Identification of bacterial strains was carried out based on 16S rRNA gene sequencing. The PCR template was genomic DNA isolated using the Genomic Mini (A&A Biotechnology) from a tested bacterial strain (16 h of cultivation). To amplify the 16S rRNA genes, universal primers 27F (5′-AGAGTTTGATCCTGGCTCAG-3′) and 1492R (5′-GGTTACCTTGTTACGACTT-3′) were used, as described by Kim et al.⁴⁸. Amplification was performed in the following conditions: initial denaturation at 95 °C for 3 min, denaturation at 95 °C for 30 s (30 cycles), annealing at 55 °C for 2 min, extension at 72 °C for 2 min, and then incubation at 72 °C for 10 min for DNA amplification. The purified PCR products were sequenced by the Sanger technique (NEXBIO, Lublin, Poland). The obtained sequences (forward and reverse reads) were assembled to contig (BioEdit ver. 7.2) and compared with the sequences from GenBank, EMBL (European Molecular Biology Laboratory), using BLAST (the Basic Local Alignment Search Tool). The 16S rRNA gene sequences of studied bacteria strains have been deposited in GenBank under accession numbers: Pseudomonas sp. G31 – PP499654 and Azotobacter sp. PBC2 – PP500530.

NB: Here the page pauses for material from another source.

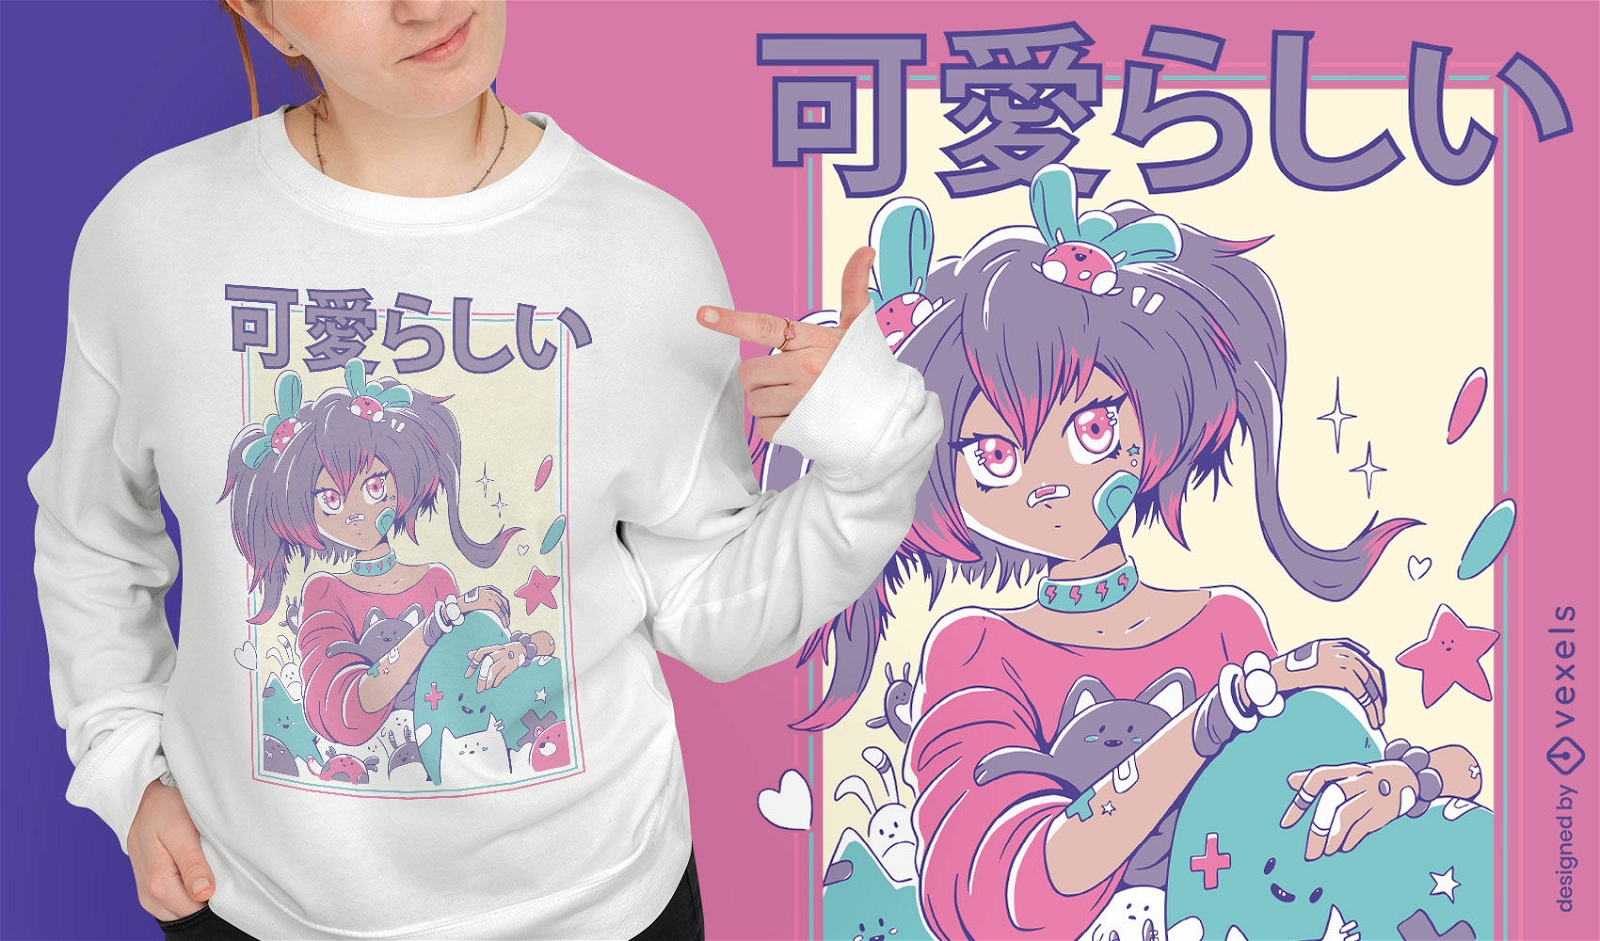 Nettes Anime-M?dchen mit Pferdeschwanz-T-Shirt-Design

Assay of plant growth promoting traits of Pseudomonas sp. G31 and Azotobacter sp. PBC2

IAA production

IAA production was assayed using a slightly modified method previously described by Bric et al.⁴⁹. The bacterial strains for quantitative assay of IAA were cultured in Luria-Bertani (LB) broth supplemented with 1000 μg L⁻¹ tryptophan for 72 h at 30±2 °C. The cultures were then centrifuged at 12000 rpm for 8 min (at 3 °C). The obtained supernatant (1 mL) was mixed with 2 mL of Salkowski reagent (49 mL, 35% perchloric acid, 1 mL 0.5 M FeCl₃ solution). Absorbances were measured at 530 nm using a spectrophotometer (Epoch 2 Plate Reader, BioTek) after 60 min in the dark. The IAA production by the bacterial strains studied was quantified using an IAA standard curve ranging from 10 to 100 μg ml⁻¹.

Nitrogen fixation

Nitrogen-fixing assays of the bacterial strains were performed using nitrogen-free Burk’s medium (MgSO₄ 0.2 g, K₂HPO₄ 0.8 g, KH₂PO₄ 0.2 g, CaSO₄ 0.13 g, FeCl₃ (0.001 g), NaMoO₄ 0.0003 g and sucrose 20 g) with agar (18 g L⁻¹). Plates were incubated at 30 °C for 7 days, and bacteria that grew on the medium were considered diazotrophs⁵⁰.

P and Zn solubilization

Isolates were spot inoculated onto Pikovaskya’s agar (per liter: yeast extract 0.5 g, dextrose 10.0 g, Ca₃(PO₄)₂ 5.0 g, (NH₄)₂ SO₄ 0.5, KCl 0.2 g, MgSO₄ 0.1 g, MnSO₄ 0.0001 g, FeSO₄ 0.0001 g, Agar 15.0 g) supplemented with 2% tricalcium phosphate (TCP) and incubated at 30±2 °C for 94 h. After incubation, the appearance of clear zones around the colonies was considered positive phosphate solubilizers. The solubilisation capacity of zinc compounds was determined by spot inoculation of isolates in Tris-minimal medium (per liter: Tris-HCl 6.06 g, NaCl 4.68 g, KCl 1.49 g, NH₄Cl 1.07 g, Na₂SO₄ 0.43 g; MgCl₂·2H₂O 0.2 g; CaCl₂·2H₂O, 30 mg, pH 7.0), with 2% agar and 0.1% insoluble zinc in the form of zinc sulphate (ZnSO₄)⁵¹. Cultures were incubated for 14 days, and after this time the presence of clear zones around the colonies, which were indicative of zinc solubilisation, was checked.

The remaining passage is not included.